Also, this answer assumes you are a current student, not a prospective student.

The first part of the question varies a bit from university to university. It sounds like you would like to figure out accommodations without making a formal report, which should be possible. You can start by visiting the website for the Title IX office at your specific school. You might need to click around a bit, but this website likely has quite a bit of information on resources for victims of assault. Some of these will be confidential (and labeled as such), including mental health services and often some sort of victim advocacy office. So you can start there to figure out how accommodations work at your school. Generally, accommodations are determined by trained administrators, not faculty.

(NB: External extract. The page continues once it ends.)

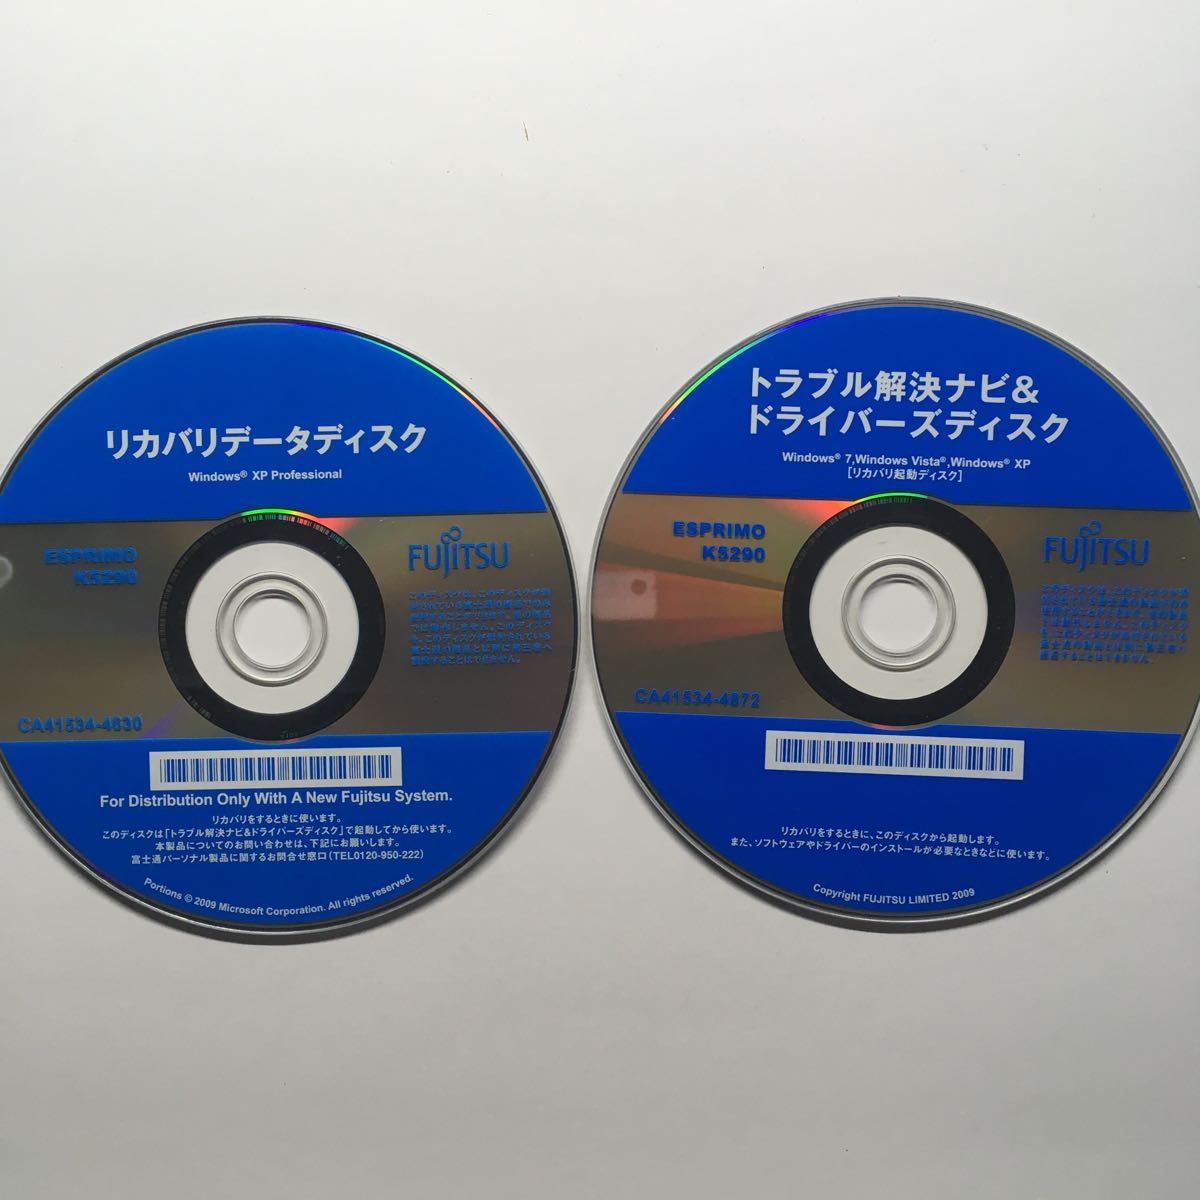 ESPRIMO K5290 用リカバリディスク WindowsXP Professional リカバリ リカバリー

For my institution (perhaps this is universal in the US, not sure), once the administration has decided on an accommodation for you, the faculty members affected simply get letters or emails explaining what they need to do. If I have any questions or concerns, I contact the accommodations office rather than putting the student in an awkward position of justifying themselves.

The second part of your question is about others’ judgement. The first point I’d like to make here is that very few people who actually matter to your student career need to know your personal business. In the information I gave above about how to get accommodations you note that no one in your department needs to find out anything until the administration has determined what accommodations you should get. Within your department, you could choose to be very vague about what is going on ("personal situation" or even "traumatic incident") and generally people know not to pry. If you do decide to disclose, also know that no one in their right mind is going to correlate your emotions about handling a sexual assault with your skills as a student. Those are such different domains of life that I can’t imagine any connection.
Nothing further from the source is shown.